## TASK OBJECTIVE
Skip every image and restate the data word for word.

** Opening GIVEN DATA block **

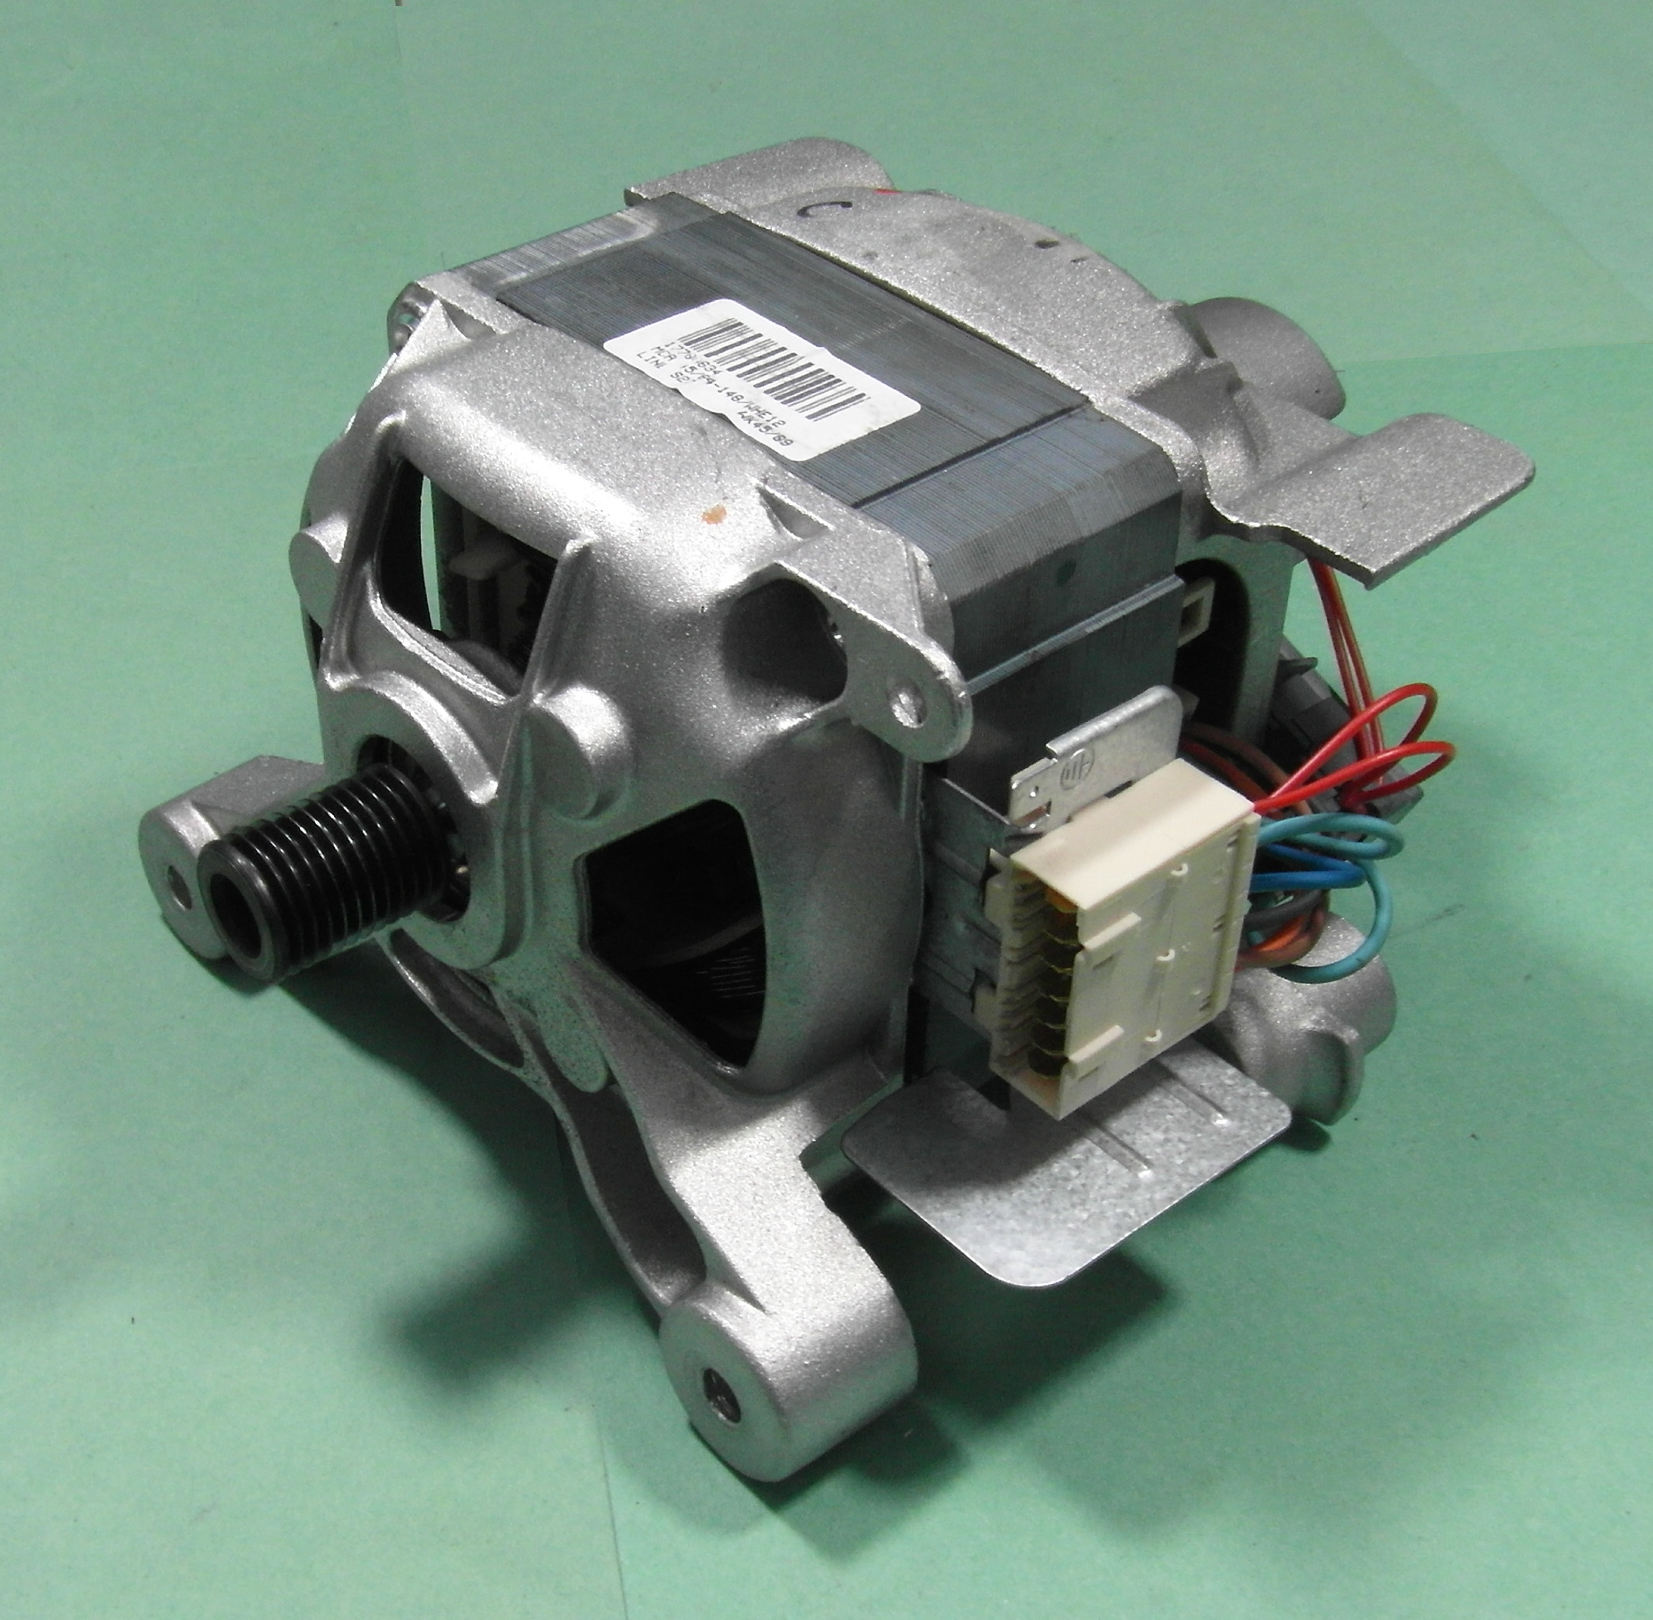 Whirlpool Awod5526 Washing Machine Motor Mca 45 64
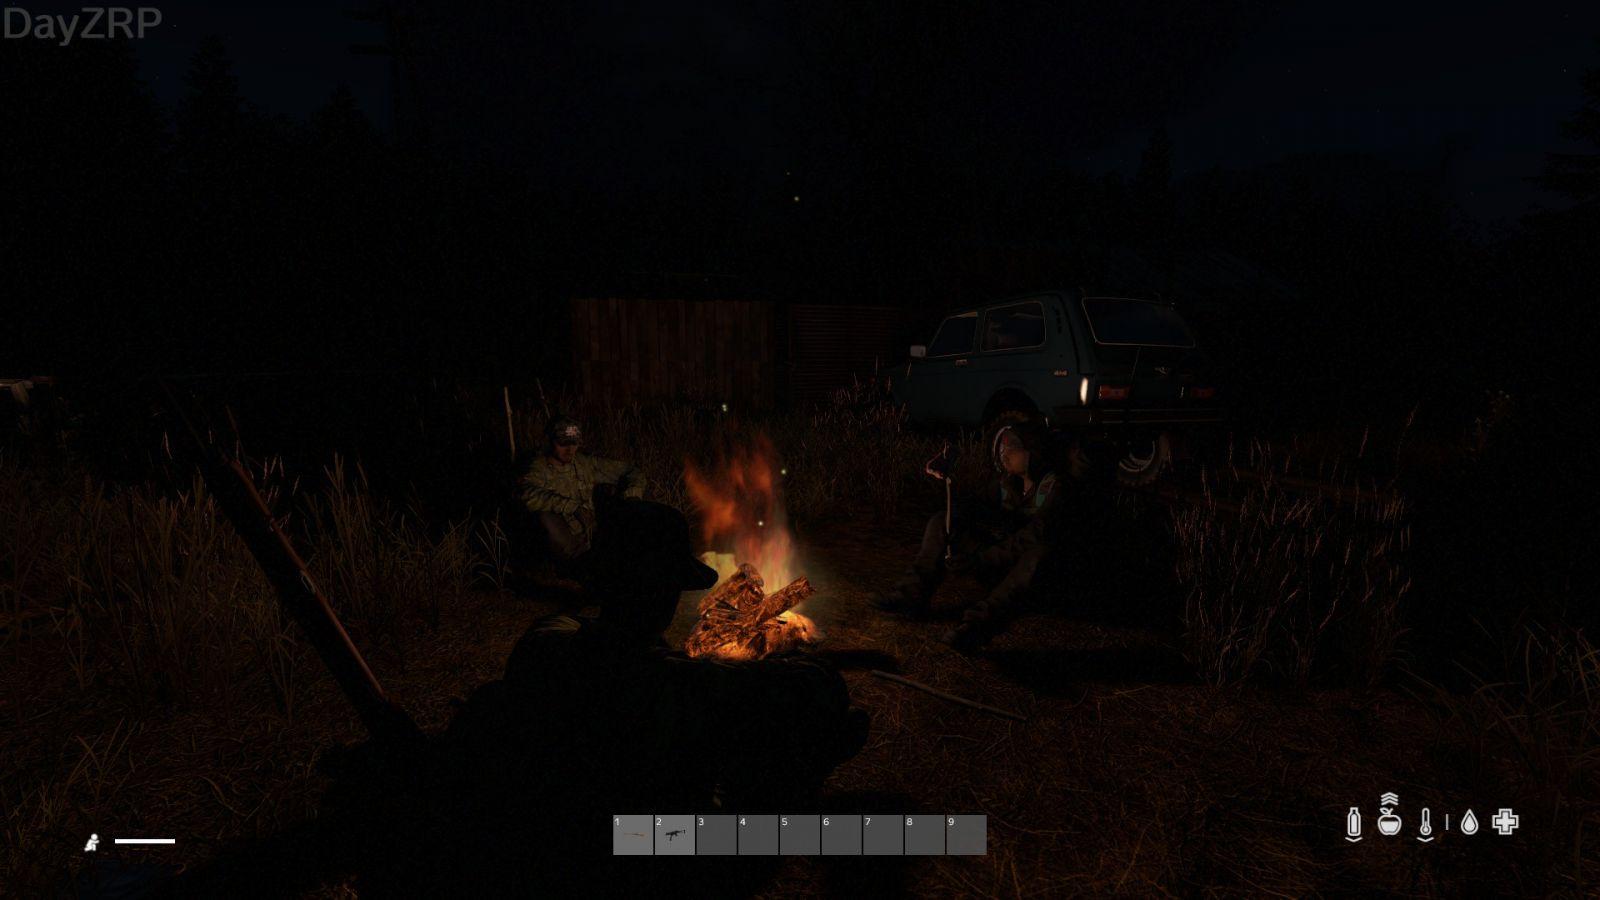 Nice gathering around the fire
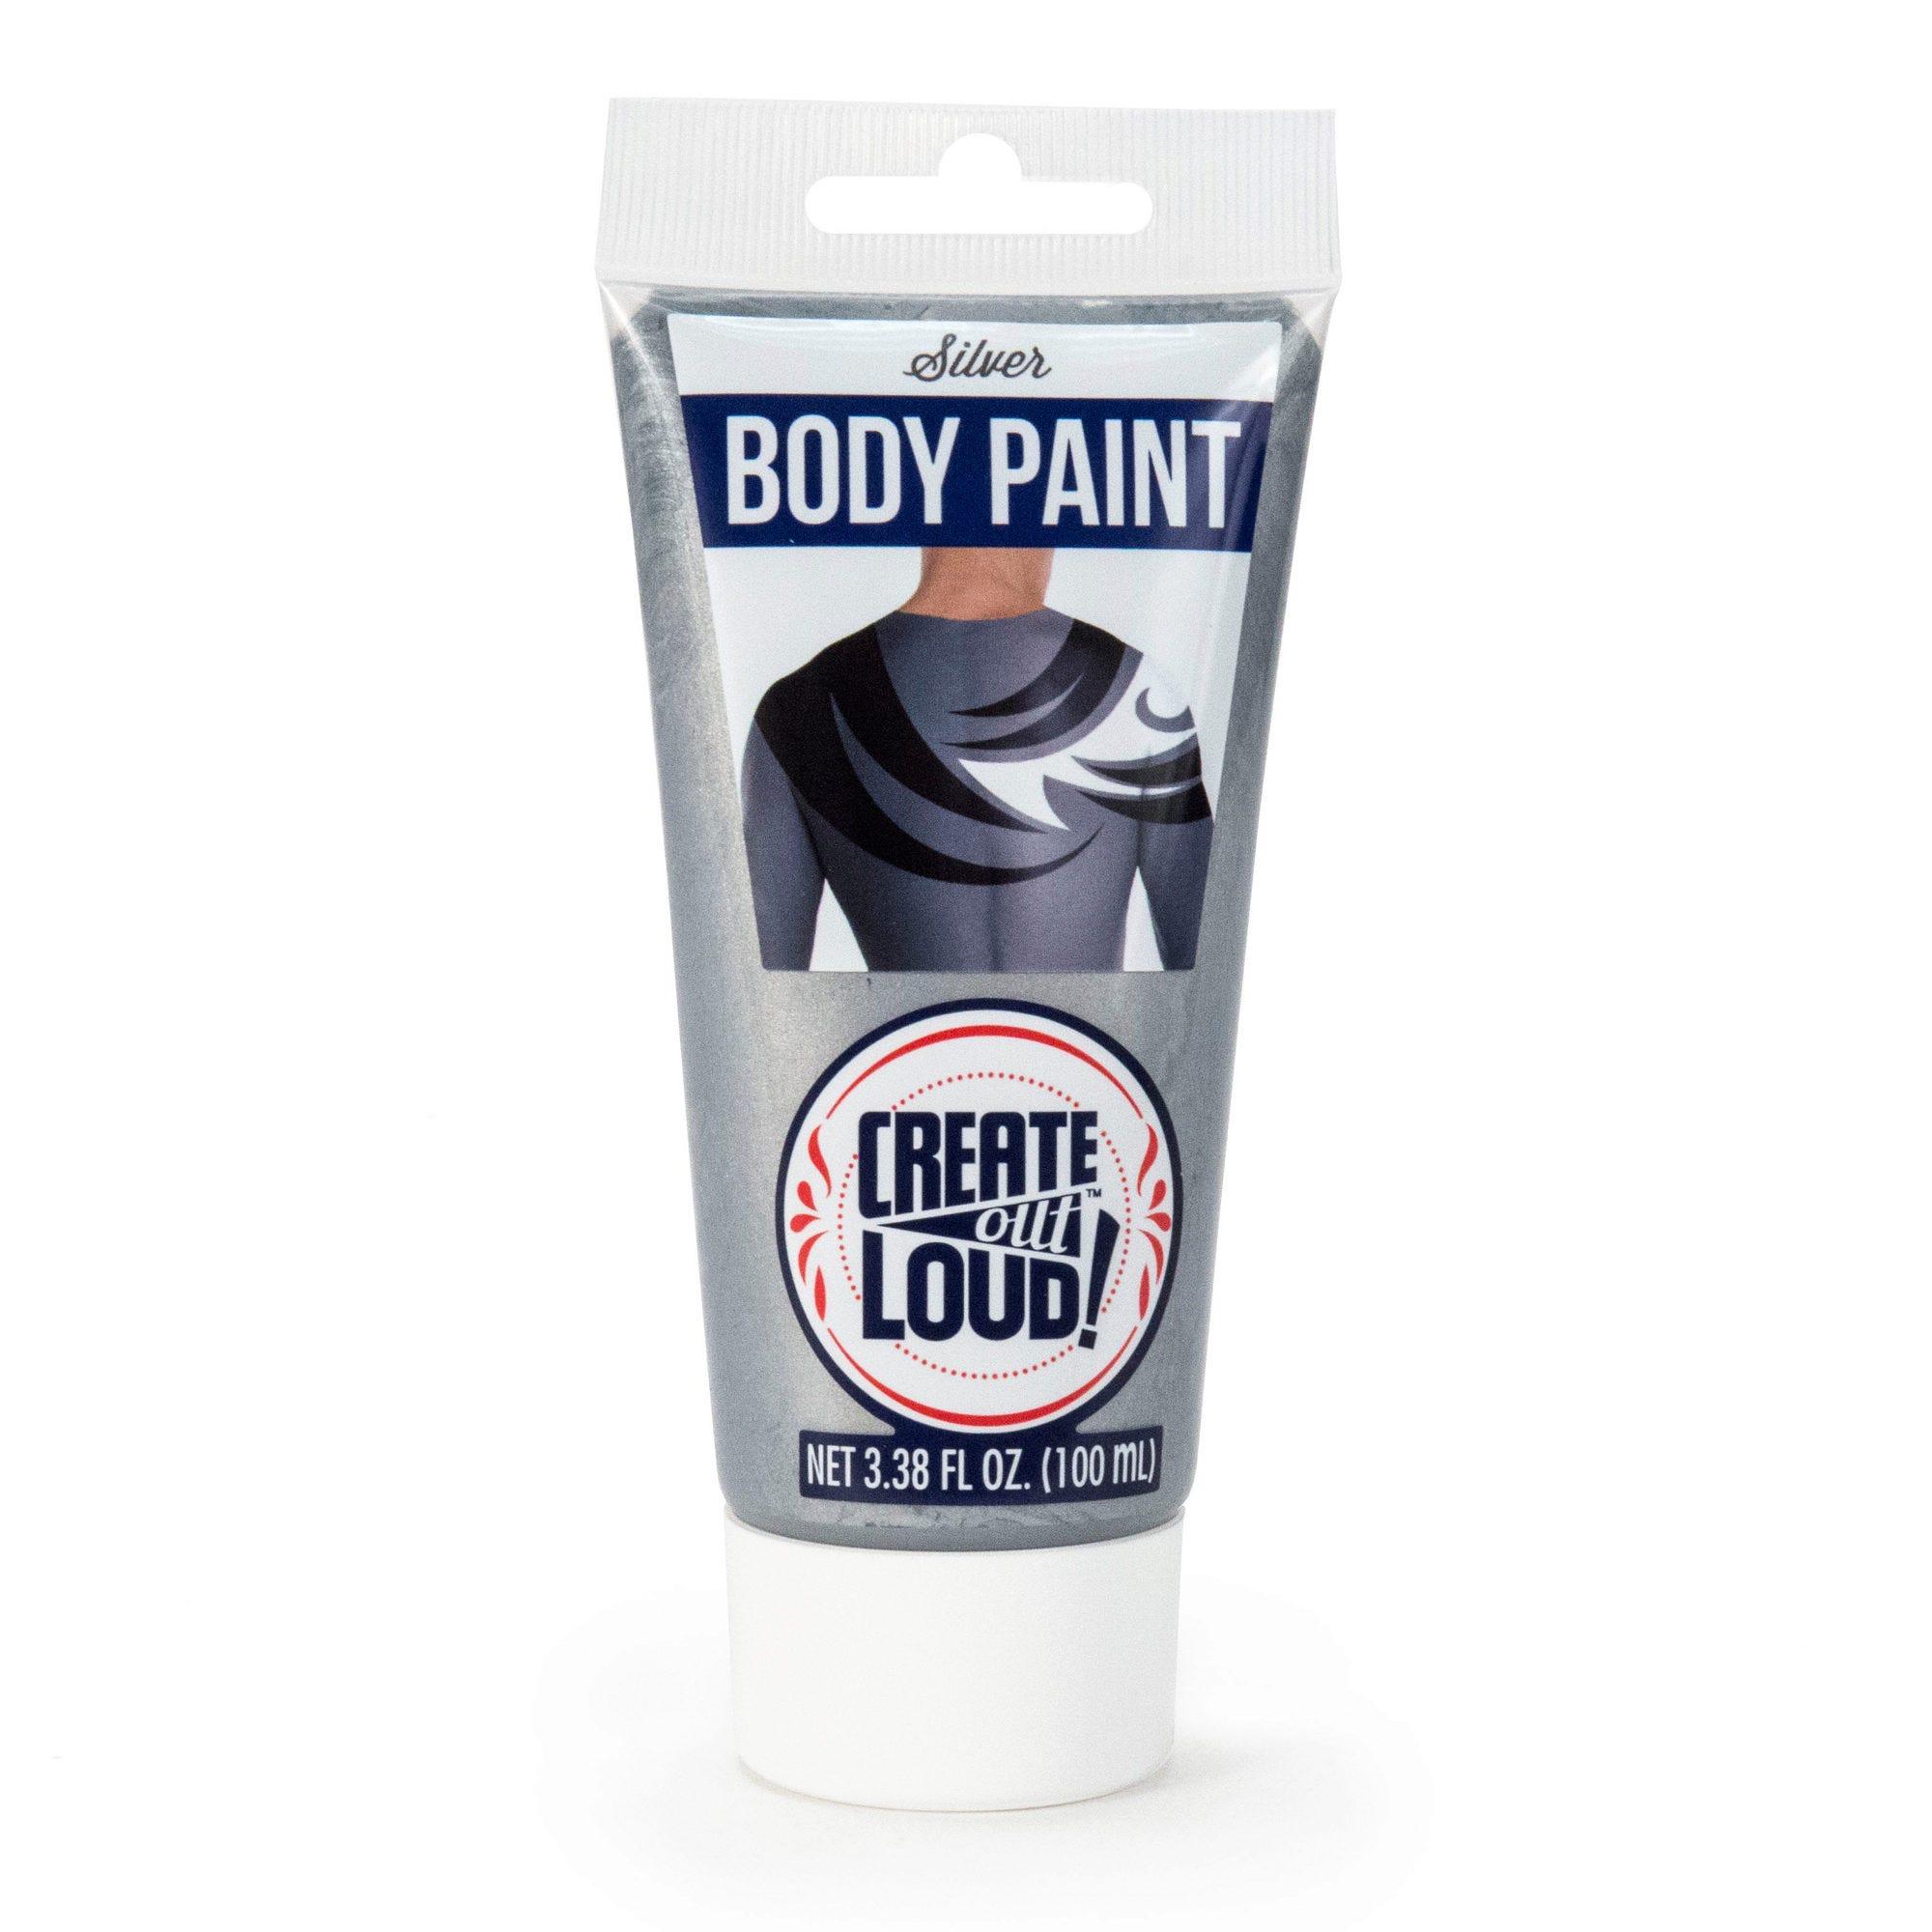 Body PAINT 3.38 Fl Oz - Silver

** Closing GIVEN DATA block **

## TASK RESPONSE
 Whirlpool Awod5526 Washing Machine Motor Mca 45 64
 Nice gathering around the fire
 Body PAINT 3.38 Fl Oz - Silver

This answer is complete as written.